Version 1.06
Minor update with with missing text on main page restored
Version 1.05
Minor update with new support site and privacy statement.
Version 1.04
Minor update
Version 1.03
The App has been updated to a 64 bit application.
Version 1.02
The App has been updated with a new Icons and Screenshots
Description
This program calculates the spin lattice relation time (T1) and linewidth of a carbon atom relaxing by interacting with up 5 different nuclei by dipolar relaxation and or by Chemical Shift anisotropy (CSA) provided you know the rotational correlation time of the molecule.
Output can be printed, saved as a text document or copied and pasted into applications such as Word.
Linewidths and T1 values are calculated for a carbon atom in a rigid isotropically tumbling molecule as described in the following references.
Norton et al., 1977 J.Am.Chem.Soc. 99, 79-83.
Oldfield et al., 1975 J. Biol.Chem. 250, 6368-6380
Doddrell et al., 1972 J.Chem. Phys. 56, 3683-3689
Instructions
Enter the instrument proton frequency in MHz (e.g. 800,600, 500, 400, 300 etc).
Enter the rotational correlation time (TR) in seconds( For proteins Tr values of 10-50ns would be expected for molecular weights up to 50,000).
If you just want one estimate set number of increments to 1.
If you want a range of values then set the required increment in TR and the number of increments.
Some gyromagnetic ratios (YH,YD and YN) and bond lengths in Angstroms are listed on the left.

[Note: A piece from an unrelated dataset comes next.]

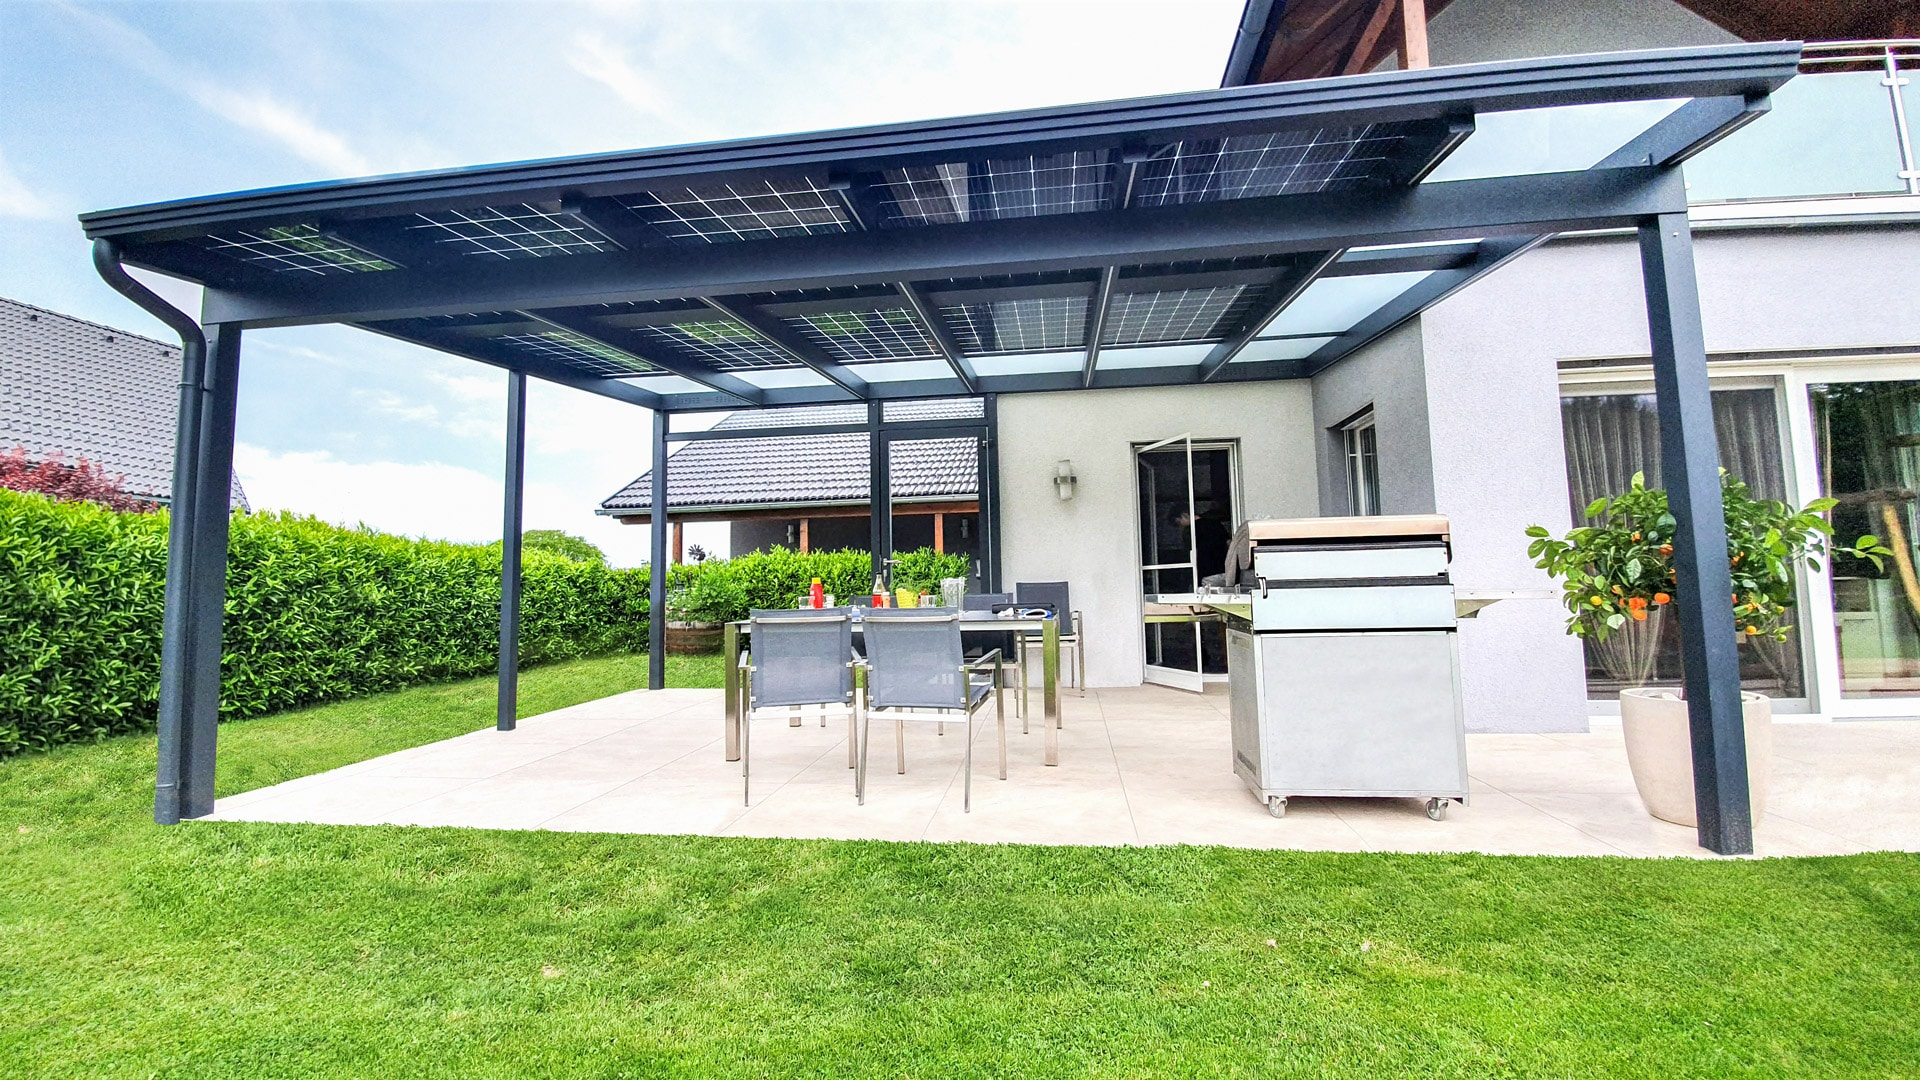 Photovoltaikdach 04 a   Photovoltaik-Module bei Terrassendach, Beschattung, Stromerzeugung   Svoboda

You should now enter the required values for the gyromagnetic ratio, nuclear spin, bond length and number of ligands in the boxes below Nucleus 1 to Nucleus 5.
Selecting Common parameters will output the common parameters (Operating frequency for protons in MHz, Magnetic field strength in Tesla, initial rotational correlation time(TR) and increment to the output window.
Selecting Ligand 1-5 will output the carbon atom T1 and Linewidth for each ligand individually to the output window.
Selecting Ligand 1 and 2 to Ligands 1,2,3,4 and 5 will output the carbon atom T1 and Linewidth to the output window for the selected combination of ligands (Nuclei 1-5).
If you want to assess the contribution due to Chemical Shift Anisotropy (CSA) then enter the appropriate Shielding tensor in ppm for the carbon you are observing.
Selecting CSA will output the carbon atom linewidth and T1 due to CSA.
Selecting Ligand 1 + CSA will output the net T1 and linewidth due to CSA and the dipolar relaxation due to ligand 1
Using the radiobuttons below you can select CSA plus combinations of ligands 1-5 and output the net T1 and linewidth to the output window.